Data Scientist

Parkar • Full-time • Atlanta, GA, US • 23h ago

Job Title: Data Scientist

Location: Atlanta, GA (Remote)

Job Type: Long-Term Contract

About The Role

We are seeking a highly motivated and skilled Data Scientist with strong expertise in data science fundamentals, machine learning (ML), and large language models (LLMs). The ideal candidate will have hands-on experience working with Databricks and Azure ecosystems, including PySpark for data processing and LLM tuning within Databricks.
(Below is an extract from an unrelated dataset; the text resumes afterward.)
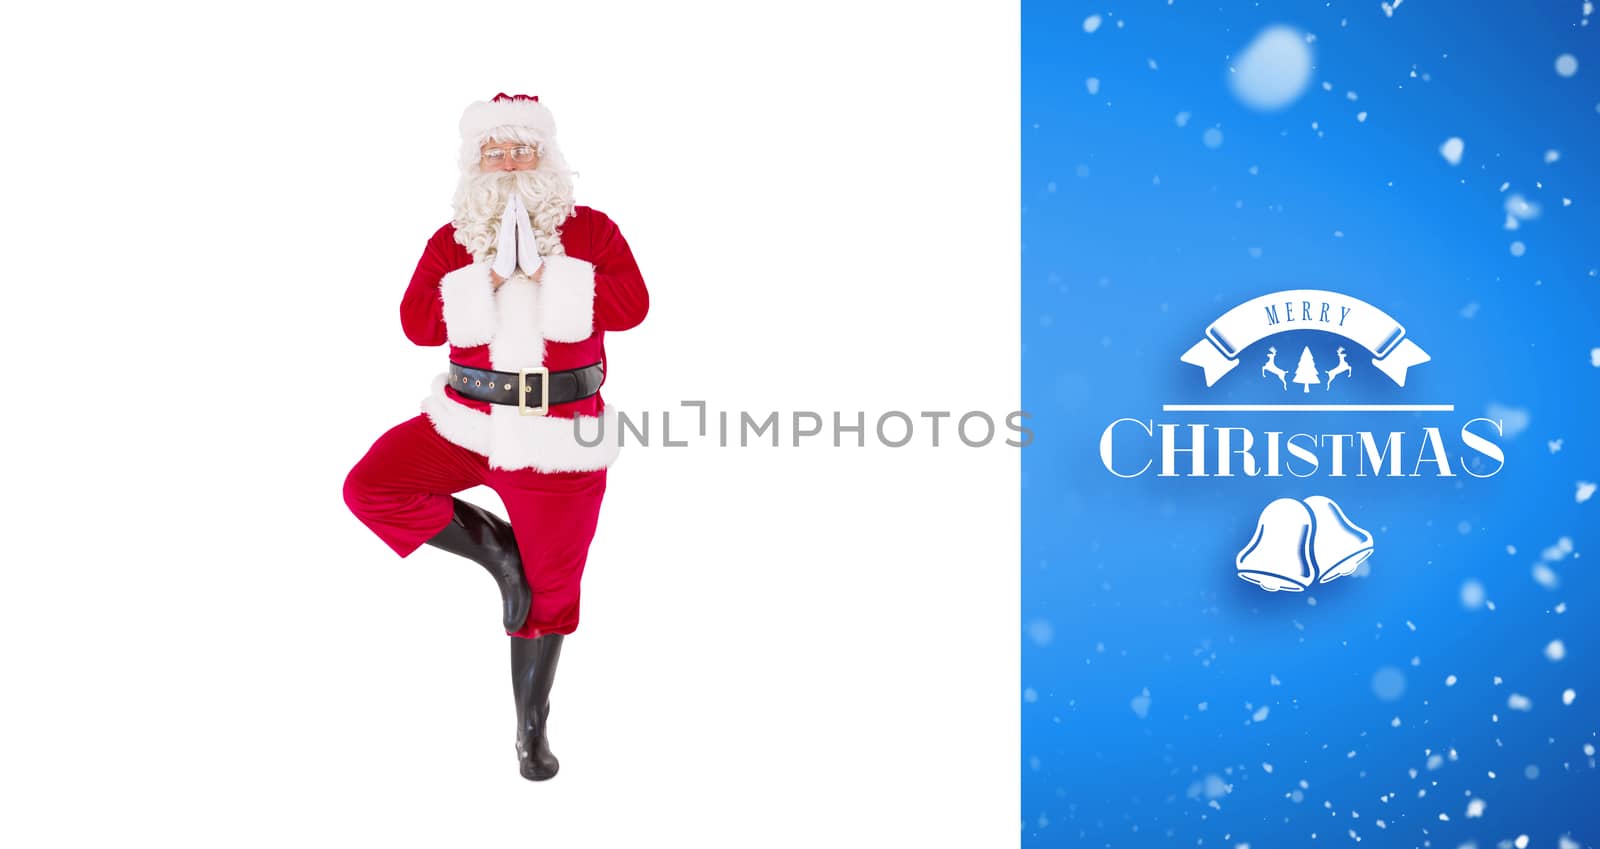 Santa claus in tree pose  against blue vignette

This role involves building and optimizing data science solutions that leverage cloud-based technologies to deliver business value.

Key Responsibilities

Design, develop, and deploy data science and ML solutions on Databricks (Azure environment).
Work on end-to-end ML lifecycle, from data preparation and feature engineering to model training, evaluation, and deployment.
Apply LLM fine-tuning and optimization techniques within Databricks for domain-specific use cases.
Utilize PySpark for distributed data processing, cleaning, and transformation.
Collaborate with data engineers, cloud architects, and business stakeholders to ensure seamless integration of ML models into production workflows.
Conduct exploratory data analysis (EDA), statistical modeling, and hypothesis testing to extract insights from structured and unstructured data.
Stay updated on the latest advancements in AI/ML, LLMs, and Databricks capabilities to bring innovative solutions.
Document methodologies, experiments, and best practices for knowledge sharing.

Required Skills & Qualifications

Bachelor’s/Master’s degree in Computer Science, Data Science, Statistics, AI/ML, or related field.
Proven experience as a Data Scientist with exposure to ML and NLP projects.
Strong hands-on experience with Databricks on Azure (MLflow, Delta Lake, Databricks ML).
Proficiency in PySpark for large-scale data processing.
Experience in training, fine-tuning, and deploying LLMs within Databricks environment.
Strong programming skills in Python and familiarity with ML frameworks (TensorFlow, PyTorch, Scikit-learn, Hugging Face).
Solid understanding of data science workflows: data wrangling, feature engineering, model development, and evaluation.
Working knowledge of Azure cloud services (Azure Data Lake, Azure Synapse, Azure ML).
Strong problem-solving, analytical thinking, and communication skills.

Good-to-Have Skills

Experience with MLOps practices and tools (CI/CD for ML, MLflow).
Knowledge of vector databases and LLM deployment pipelines.
Familiarity with prompt engineering and RAG (Retrieval-Augmented Generation) techniques.
Exposure to generative AI projects on cloud platforms.